「浸ける」と「漬ける」は何が違うの? 料理や洗濯で使うとき、「浸す」との使い分けまで考えると迷ってしまいますよね。
似ている言葉だからこそ、液体に入れる目的や、動作・状態のどちらを伝えたいかに注目すると、自然に選びやすくなります!
この記事では、「浸ける」の基本的な意味から、「漬ける」「浸す」との違い、料理・家事・足湯などでの使い分けをわかりやすくご紹介します。
漢字に迷いやすい日常の表現も確認できるので、文章を書くときにもぜひ役立ててくださいね。
この記事でわかること
- 「浸ける」が表す、液体の中に入れたままにする状態
- 味付け・発酵・保存が目的の場合に「漬ける」を使う理由
- 「浸す」が表しやすい、液体に触れさせる動作
- 料理や洗濯、手足をお湯に入れる場面での自然な使い分け
「浸ける」は物や体を液体の中に入れておくこと

「浸ける」は、物や体を水・湯などの液体に入れ、その状態をしばらく続けることを表す言葉です。
単に液体に触れた一瞬ではなく、液体の中に入れておく様子を伝えたいときに使うと、意味がわかりやすくなります。
たとえば、汚れが気になる布を水に入れたままにする場合や、足をお湯に入れて温まる場合などに使えます。
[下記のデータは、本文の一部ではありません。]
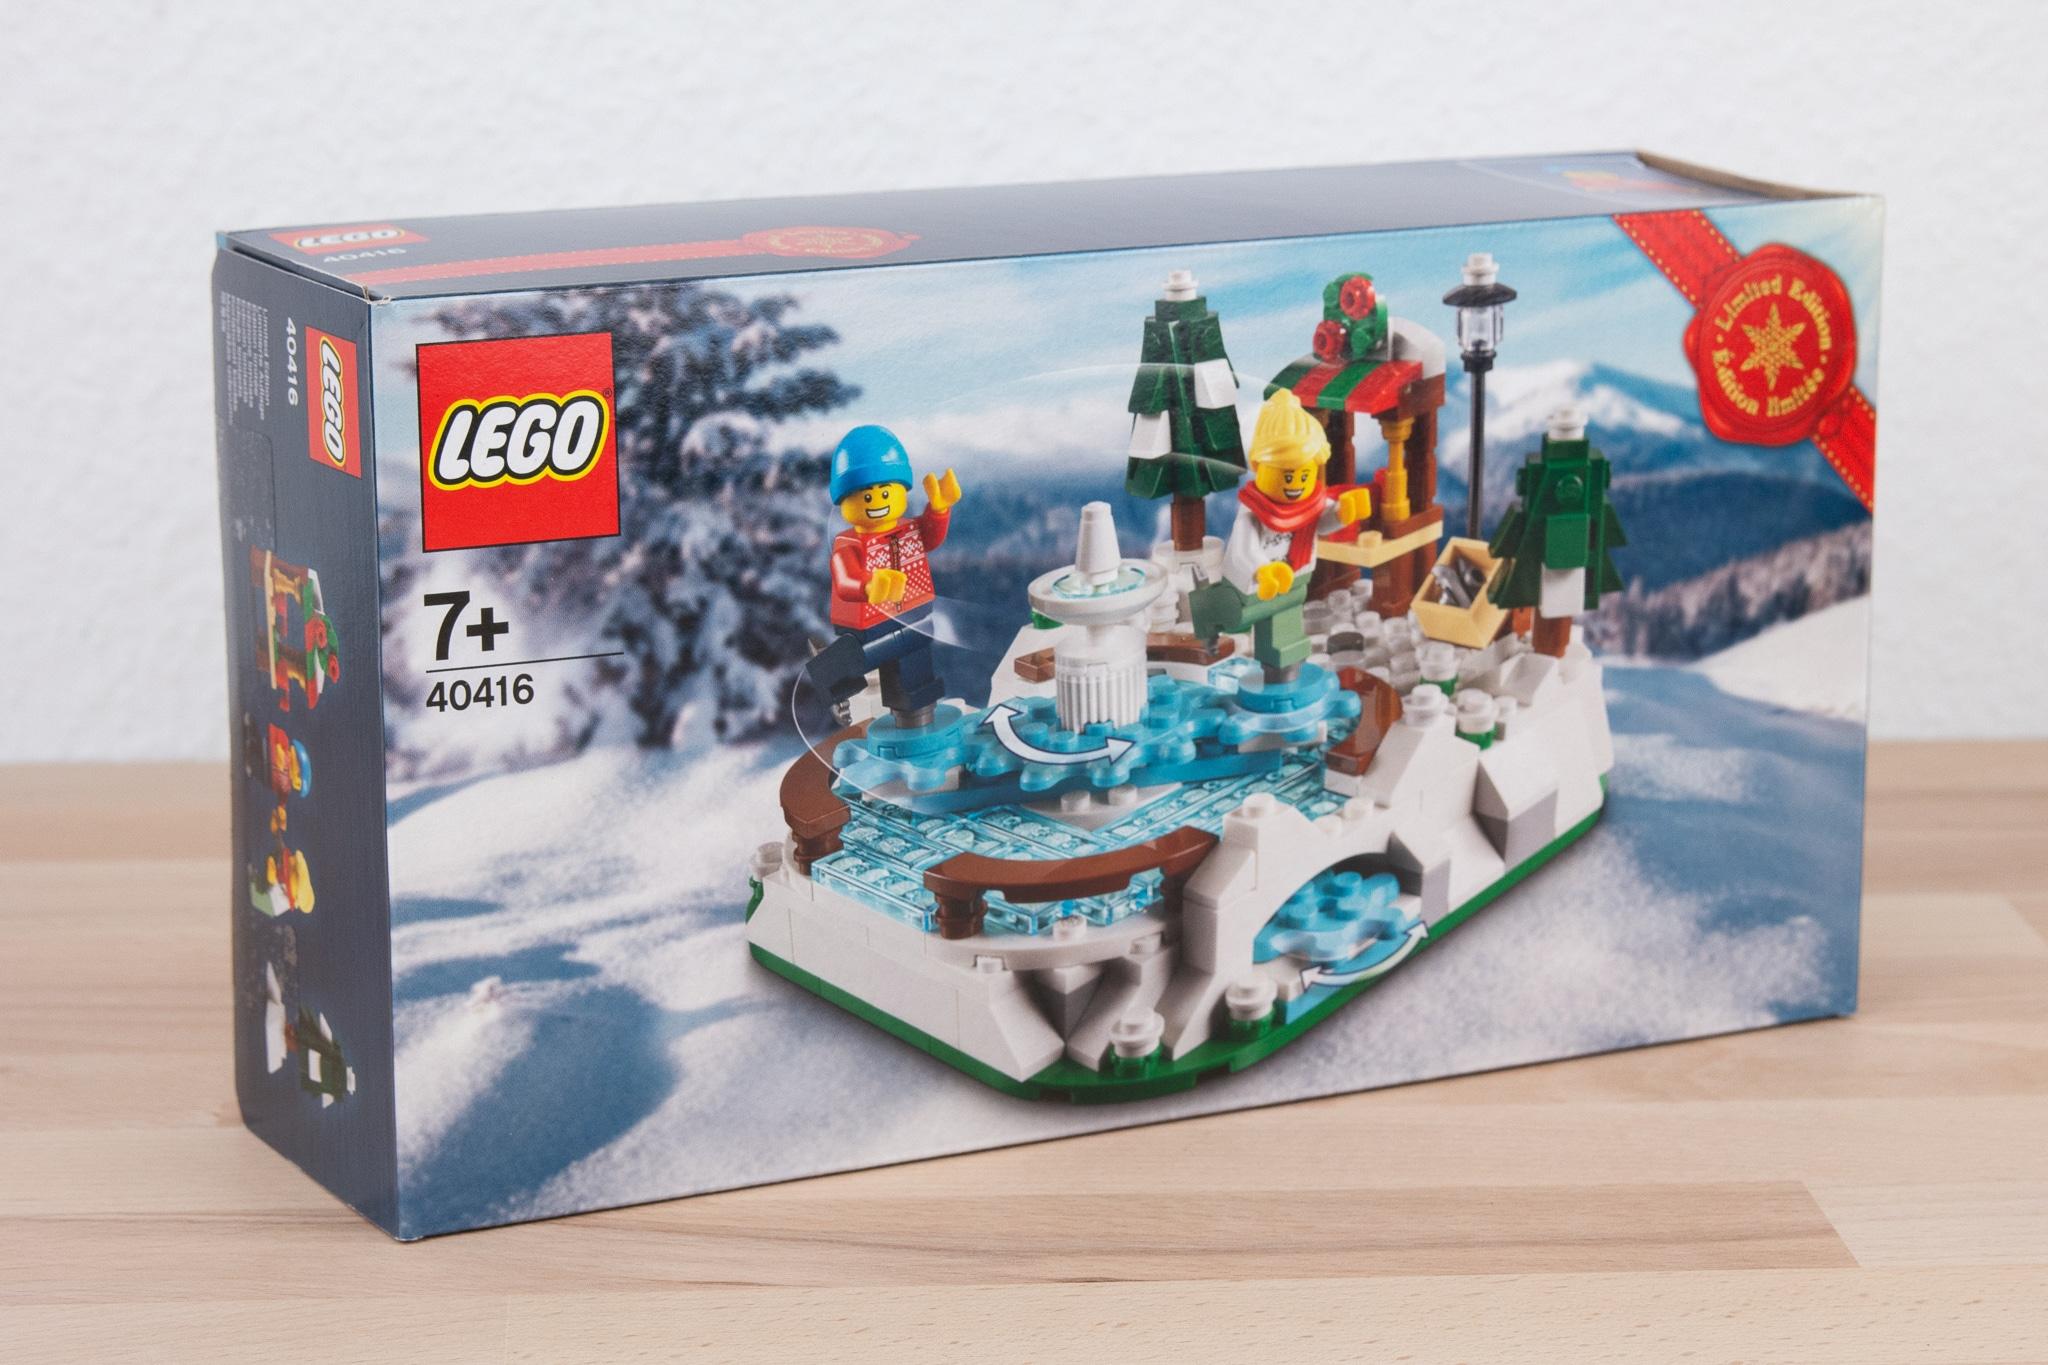 LEGO 40416 Eislaufplatz Stonewars Review (2)

「何を」「どの液体に」「どのくらい入れておくのか」をイメージすると、「浸ける」の意味をつかみやすいでしょう。
「浸ける」は水や湯に入れた状態の継続を表す
「浸ける」のポイントは、液体に入れる動作そのものよりも、液体に入った状態が続くことにあります。
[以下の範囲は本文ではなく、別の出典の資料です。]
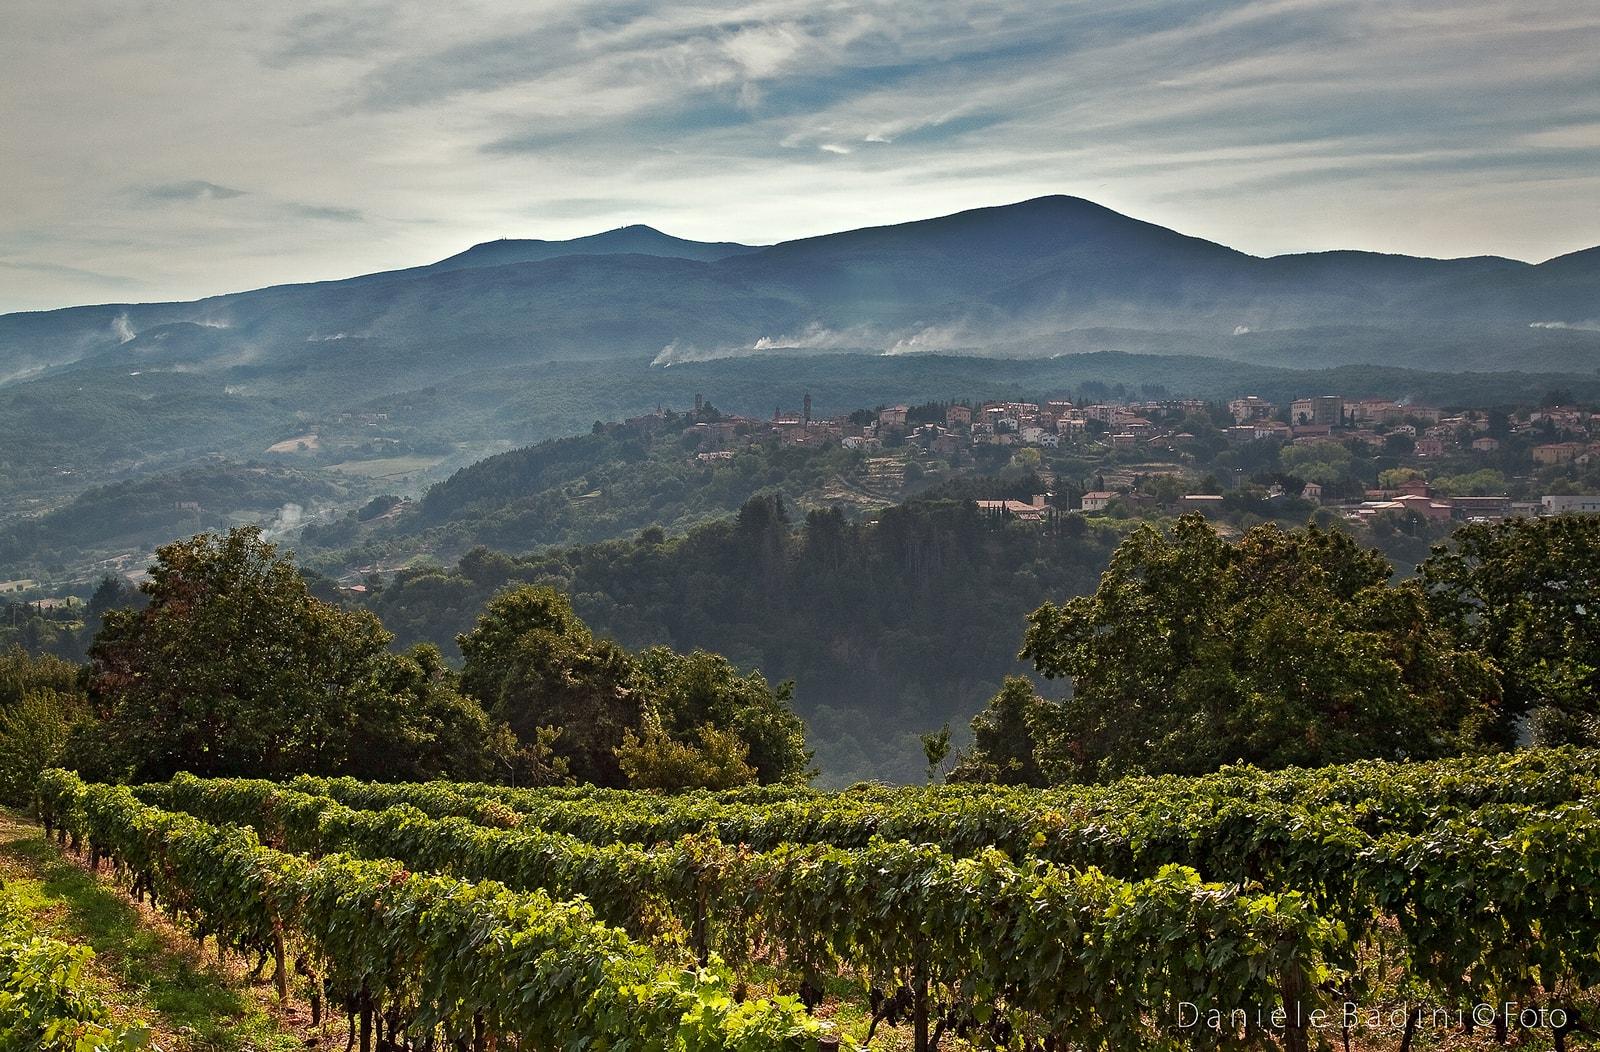 Castel del Piano - Un Paese, un Vulcano, Saperi e Sapori - Toscana Ovunque Bella

そのため、「水に浸けておく」「ぬるま湯に浸ける」のように、一定の時間をともなう表現と自然に組み合わせられます。
液体は水やお湯のほか、洗うための液体などを指すこともあります。
ただし、「浸ける」は液体の種類よりも、対象が液体の中にある状態に注目した言葉です。
| 表現 | 伝わる様子 |
|---|---|
| 布を水に浸けておく | 布が水の中に入り、そのままの状態が続いている |
| 足をお湯に浸ける | 足がお湯の中に入っている |
| スポンジを水に浸ける | スポンジ全体、または一部を水の中に入れる |
「浸ける」を使うときは、対象が液体にしっかり入っている場面を思い浮かべるとよいでしょう。
必ずしも完全に沈んでいる必要はありませんが、液体に入れた状態が感じられることが大切です。
たとえば、布の端だけが水に触れたような場面よりも、布を水の入った容器に入れておく場面のほうが「浸ける」に合います。
日常会話では「水につけておいて」と言うことも多いですが、漢字で意味を考えるなら、「浸ける」には液体へ入れたままにするニュアンスがあります。
「浸ける」と「漬ける」には液体に入れるという共通点がある
「浸ける」と「漬ける」は、どちらも物を液体の中に入れるという共通したイメージを持つ言葉です。
そのため、会話の中ではどちらの漢字にするか迷うことがあるかもしれません。
特に「つける」と読む言葉は使う場面が多いため、音だけでは意味の違いを判断しにくいこともあります。
まずは、「浸ける」が液体に入れておく状態を表す言葉だと覚えておくと、迷いを減らせます。
- 水やお湯の中に入れたままにする
- 物や体が液体に包まれている
- 入れた状態がある程度続く
このような様子を伝えたい場合は、「浸ける」が候補になります。
一方で、「漬ける」も液体を使う言葉ではあるため、液体に入れることだけで判断せず、その場面で何をしたいのかまで見ることが大切です。
たとえば、同じ「つける」でも、液体の中に置くことを言いたいのか、それ以外の目的を含めて言いたいのかで、選ぶ漢字が変わることがあります。
まずは「液体に入れた状態を続けるなら浸ける」と押さえておけば、文章を書くときにも使い分けの土台になります。
「漬ける」は味付け・発酵・保存などの目的があるときに使う
「漬ける」は、食材を調味料や塩、ぬかなどに入れ、味付け・発酵・保存につなげる目的があるときに使う言葉です。
ただ液体に入れるのではなく、食材の風味や状態を変えるために入れる場合は、「漬ける」と考えるとわかりやすいでしょう。
たとえば、しょうゆやみそ、酢などに食材を入れる場面では、「浸ける」よりも「漬ける」が自然に伝わります。
食材を調味料やたれに入れる場合は「漬ける」が自然
肉や魚、野菜などを調味料やたれに入れるときは、「漬ける」を使うのが一般的です。
これは、調味料の味や香りを食材になじませることが目的だからです。
たとえば、「鶏肉をしょうゆだれに漬ける」「きゅうりを酢に漬ける」のように表現します。
| 場面 | 自然な表現 | 伝わる目的 |
|---|---|---|
| 魚にみそをなじませる | 魚をみそに漬ける | 風味を付ける |
| 野菜を塩で保存する | 野菜を塩に漬ける | 保存しやすくする |
| 果物を砂糖液に入れる | 果物をシロップに漬ける | 甘みや香りを含ませる |
「ぬか漬け」「しょうゆ漬け」「みそ漬け」のように、料理名や食品名にも「漬ける」の字がよく使われます。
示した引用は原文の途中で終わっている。